*Work instructions:* Could you retype exactly the line containing "Decaf Ground Coffee" and every line after it in the data below, leaving out the pictures?

*Dataset content:*
---+---
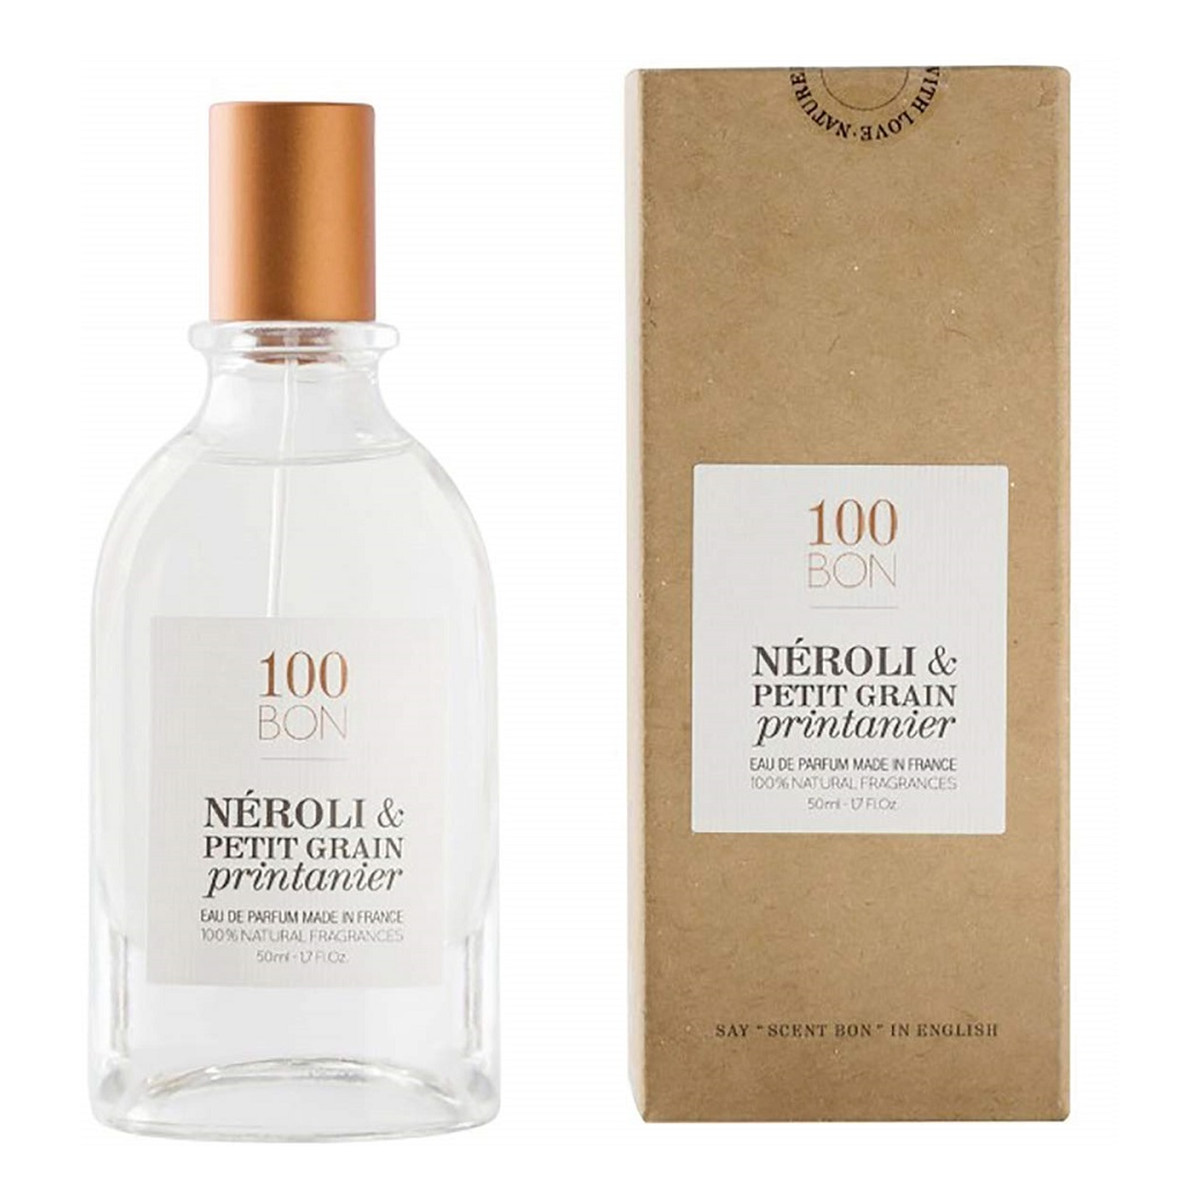 100 BON Neroli & Petit Grain Printanier EDP spray Woda Perfumowana 50ml
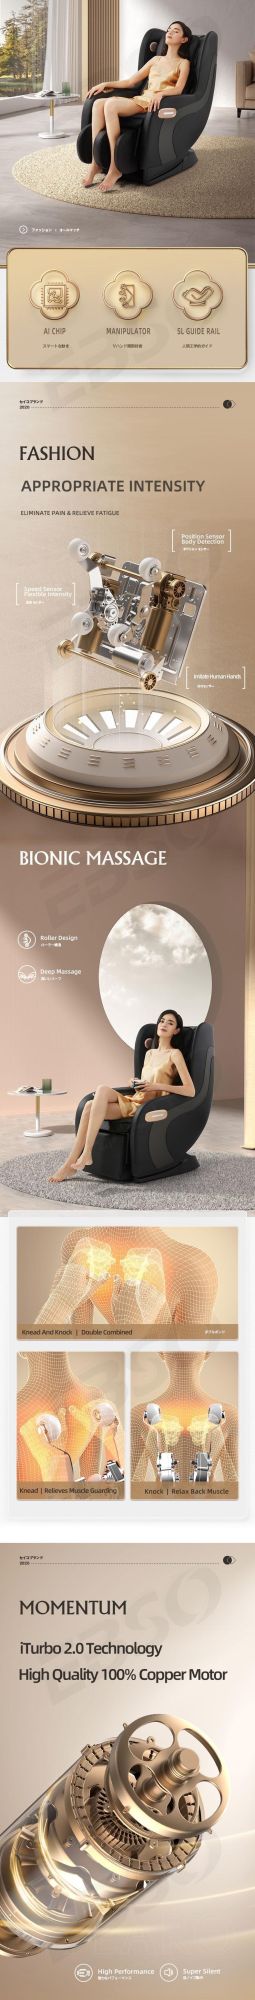 Zyk SL Guide Rail Zero Gravity Full Body Massage Chair Multifunctional Massage Chair for The Elderly
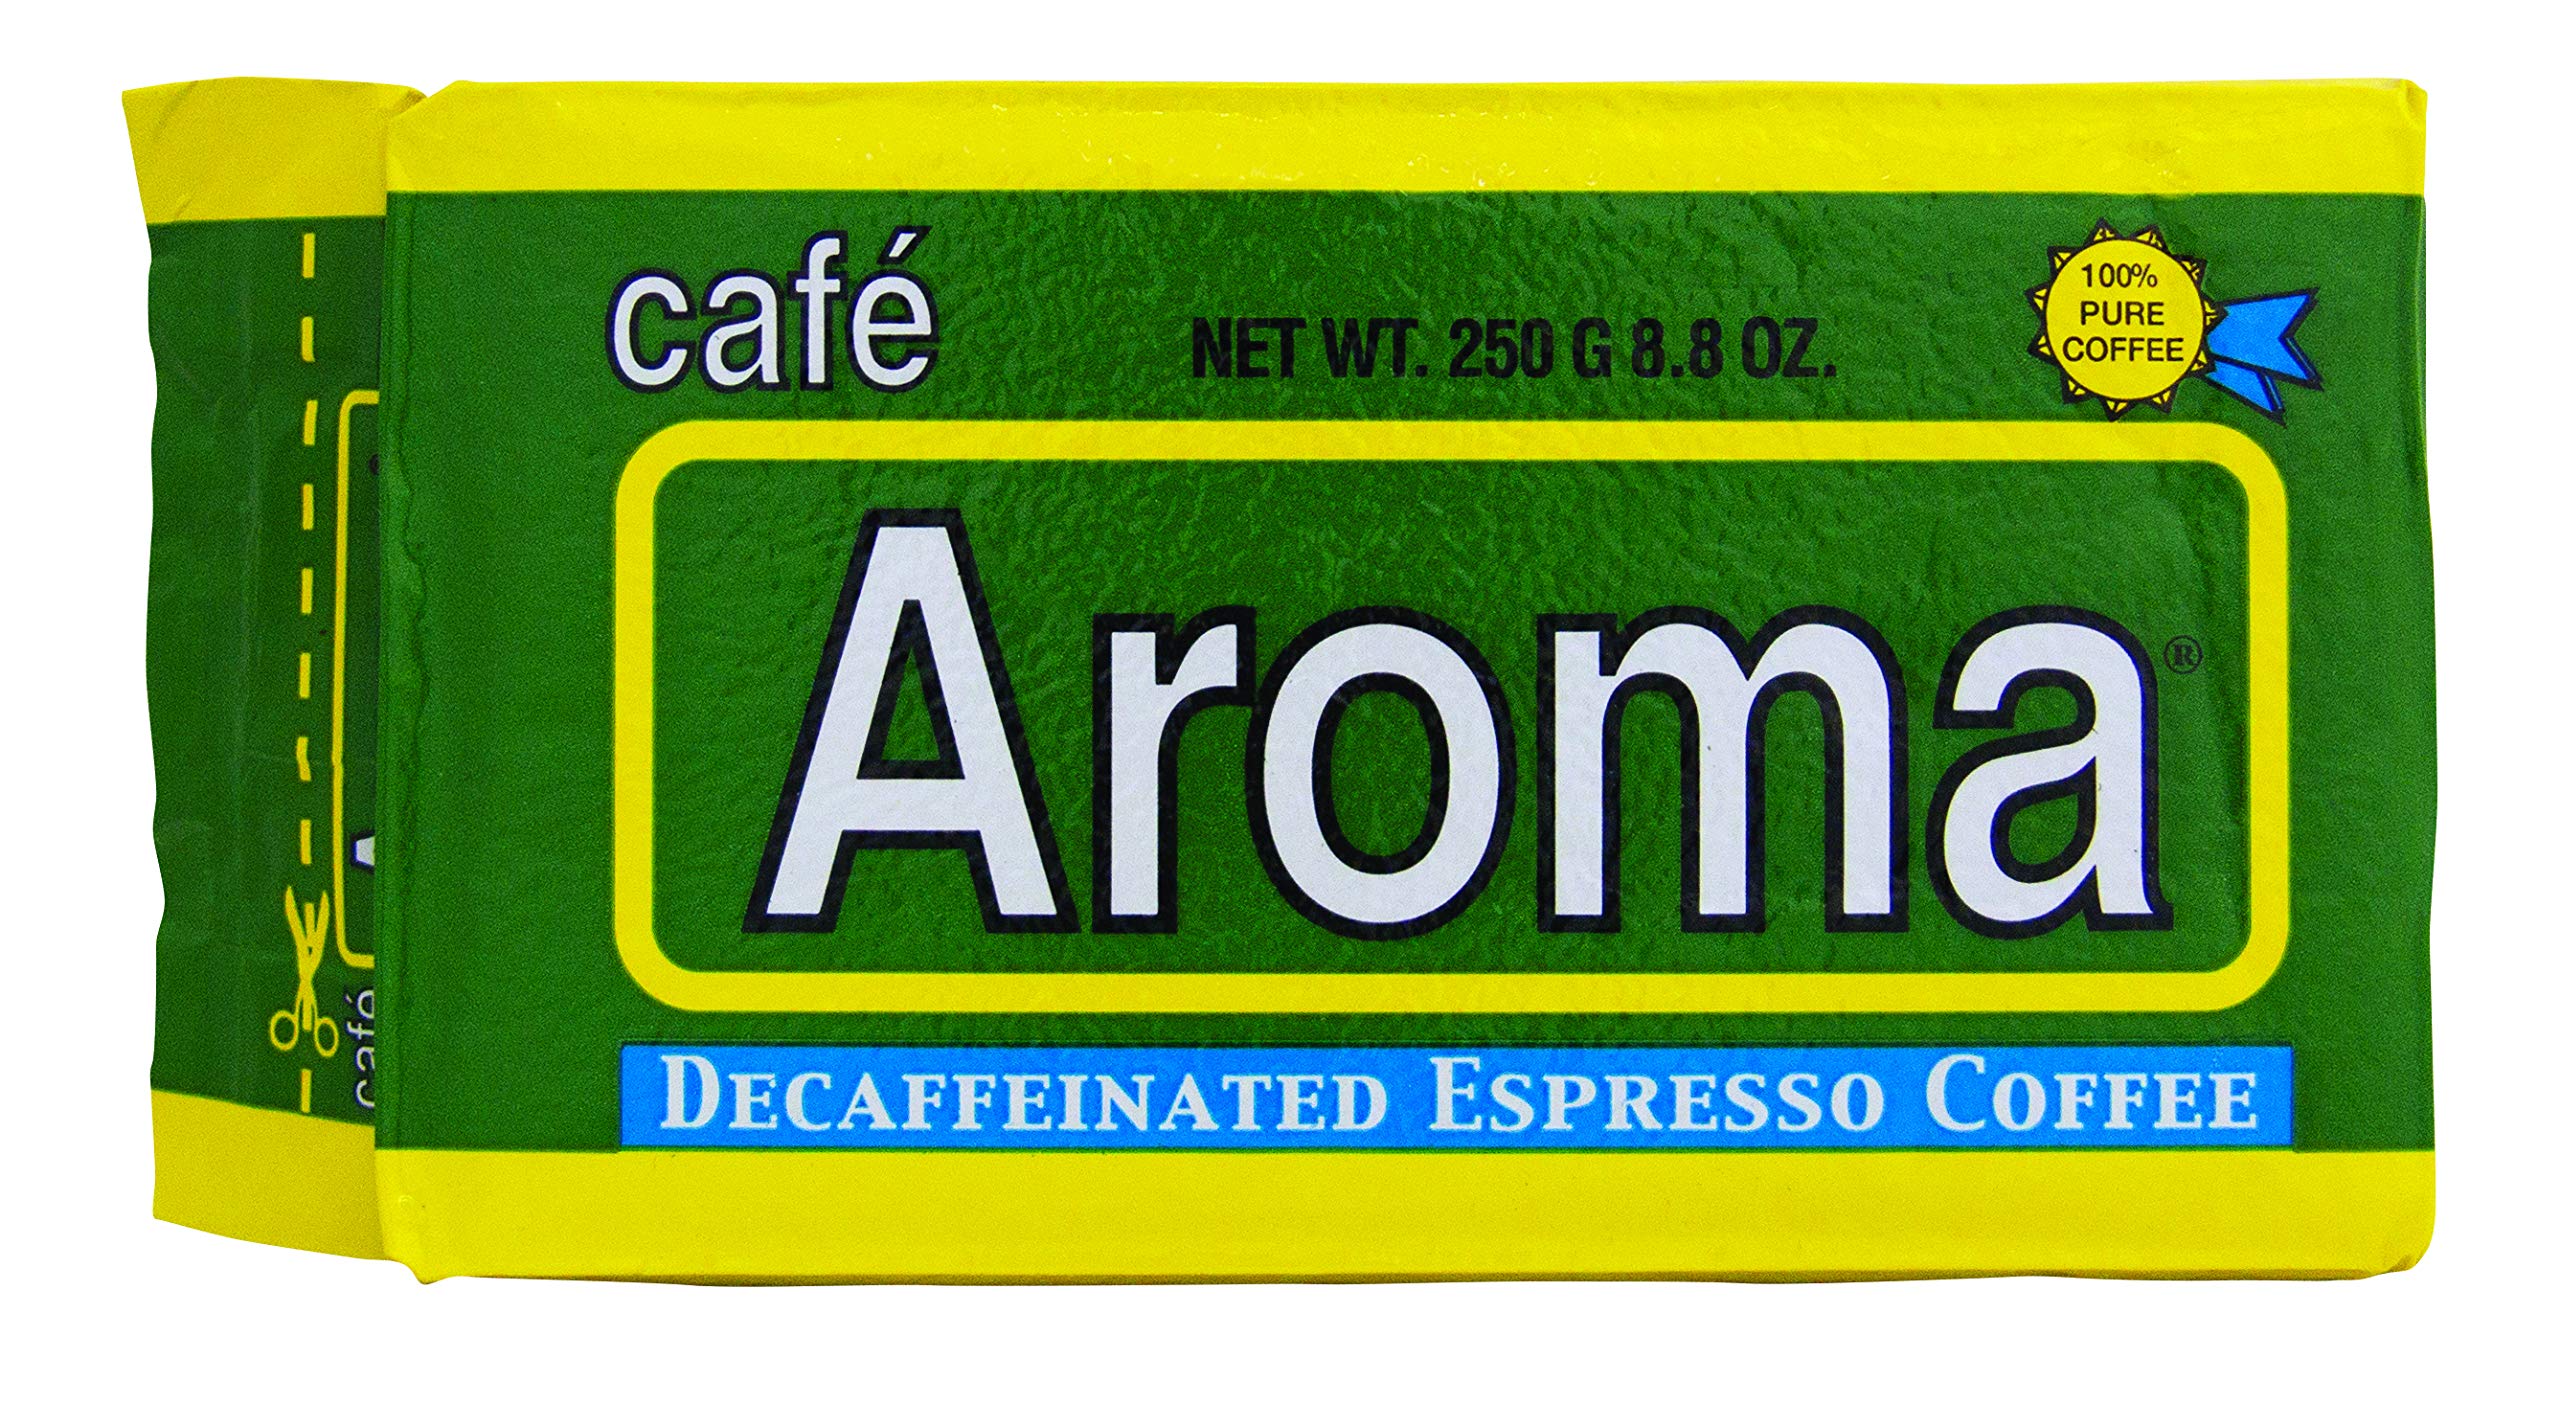 Decaf Ground Coffee - Premium Espresso from Cafe Aroma (Pack of 24) Cuban Style Decaffeinated Dark Roast Ground Coffee, Vacuum Pack 250g (8.83 oz)
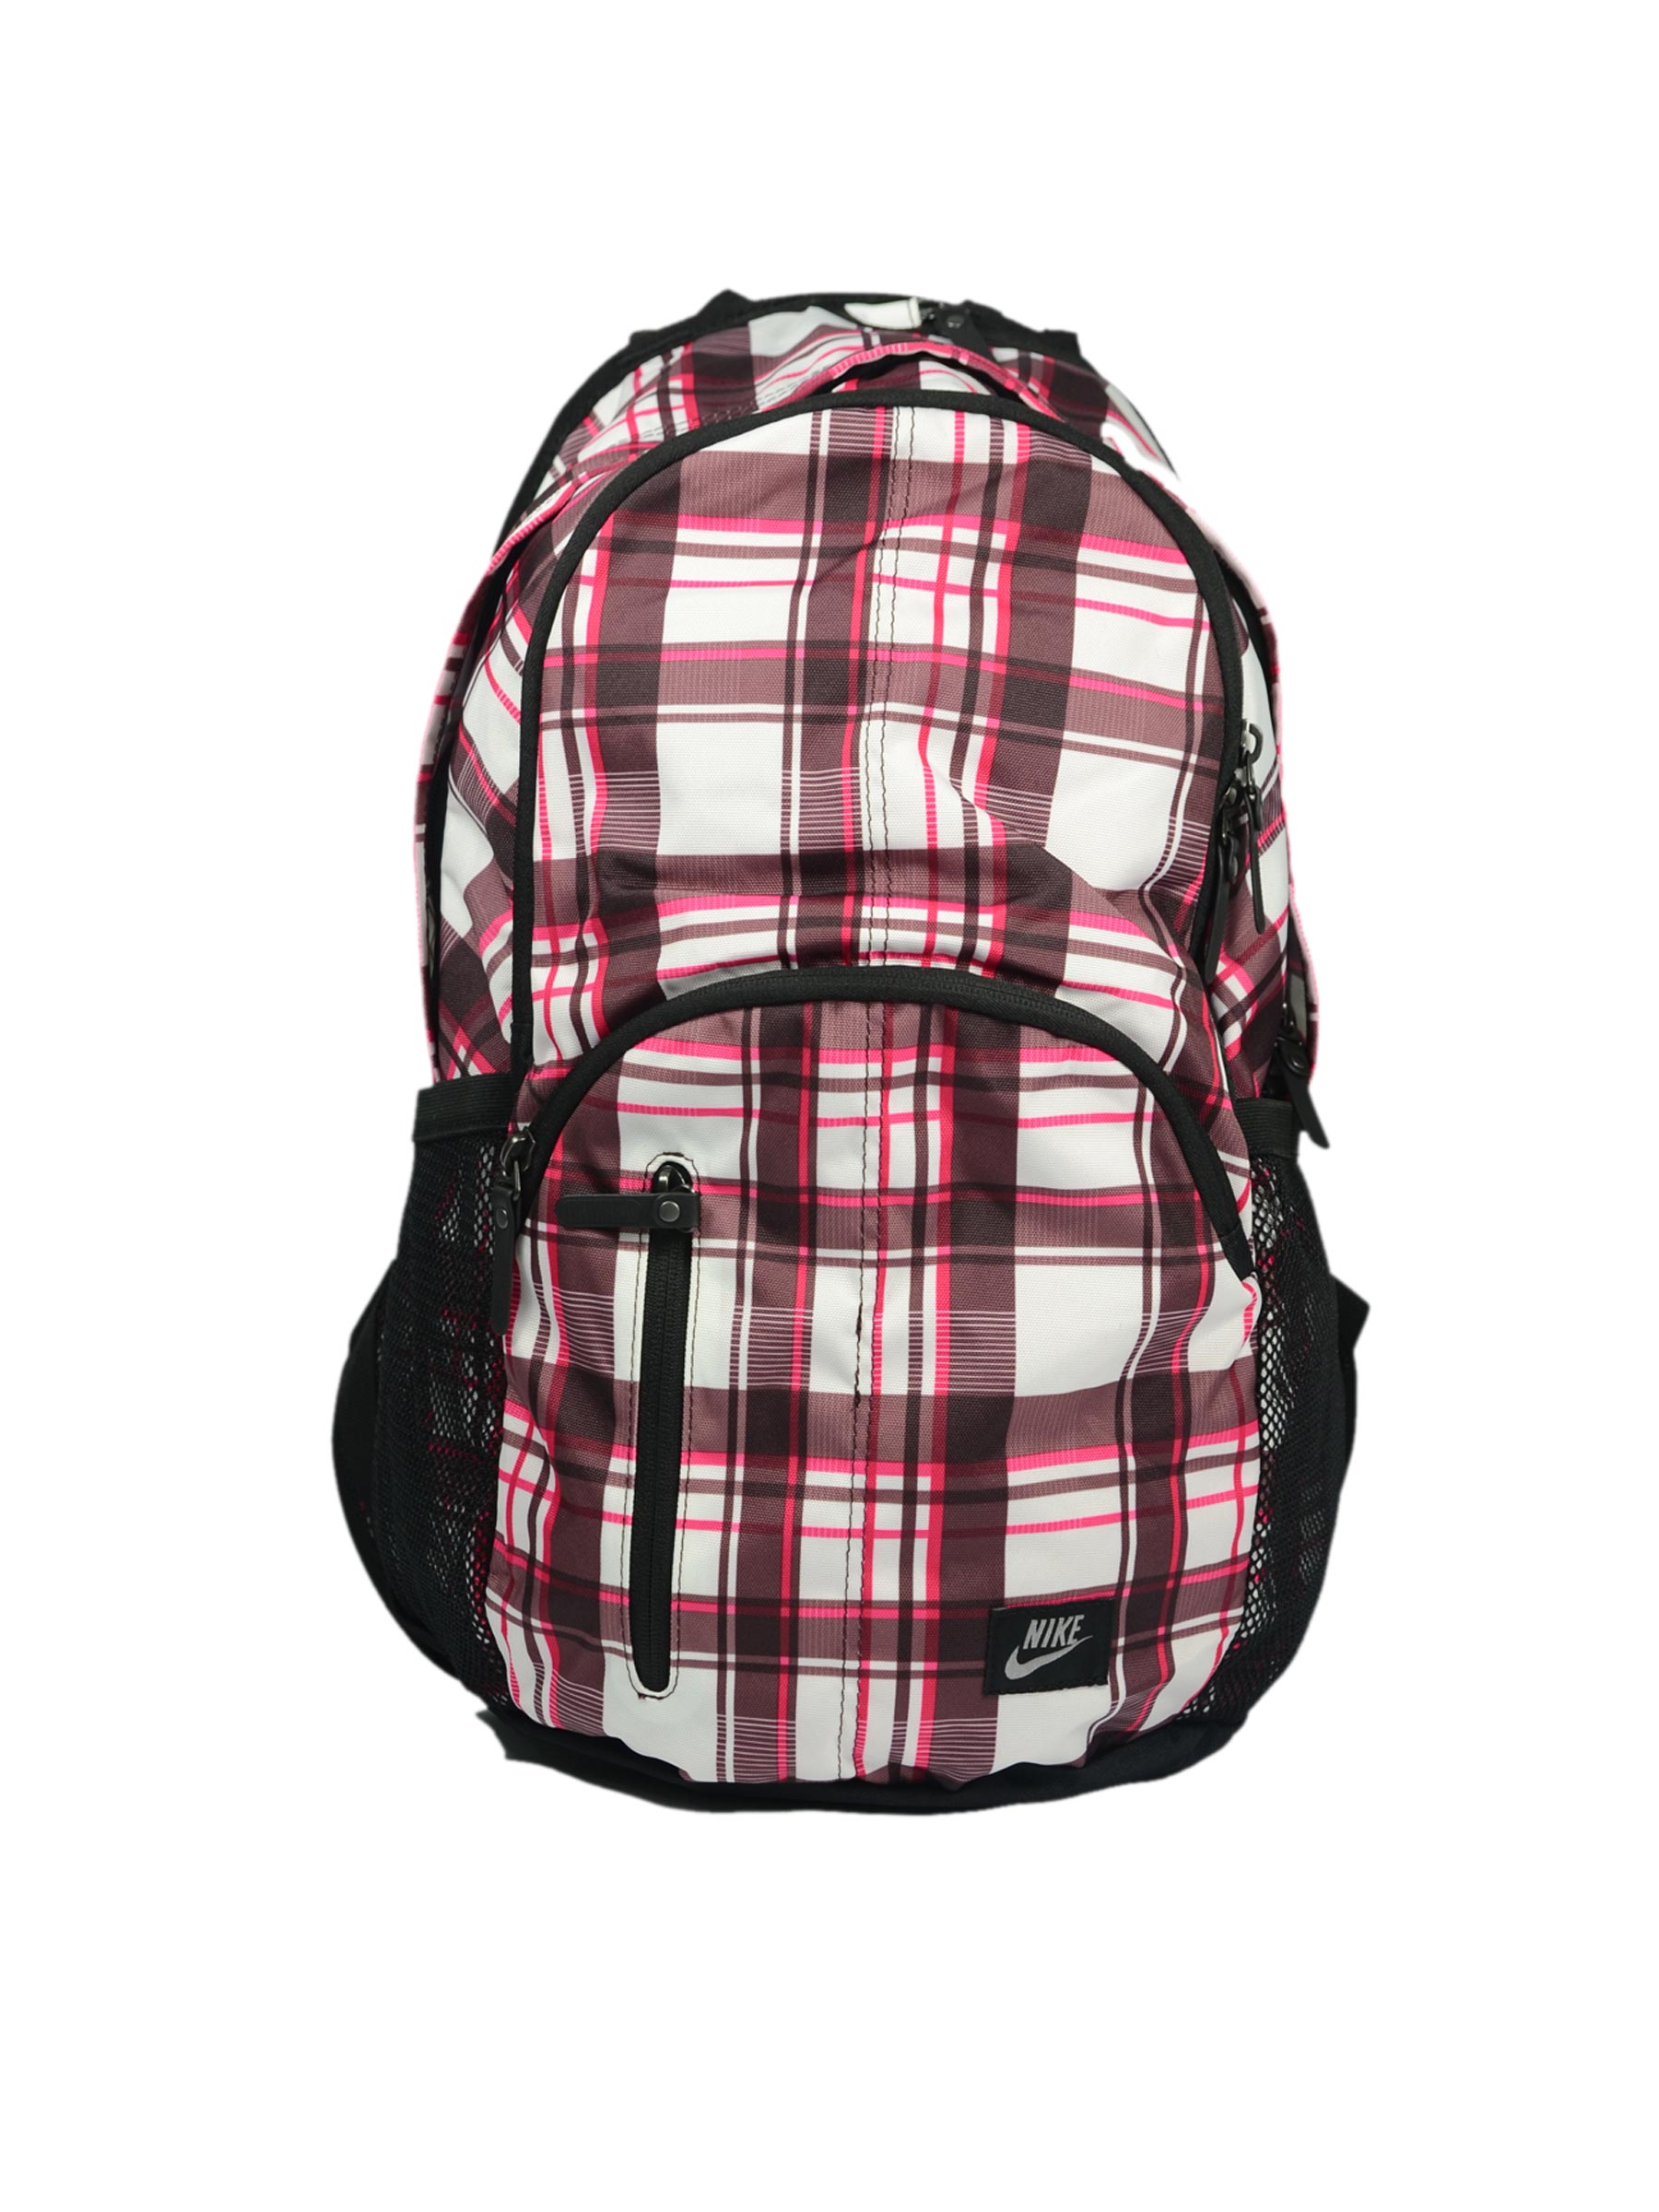 Nike Unisex White Pink Black Check Backpack
---+---
*Exercise solution:*
 Decaf Ground Coffee - Premium Espresso from Cafe Aroma (Pack of 24) Cuban Style Decaffeinated Dark Roast Ground Coffee, Vacuum Pack 250g (8.83 oz)
 Nike Unisex White Pink Black Check Backpack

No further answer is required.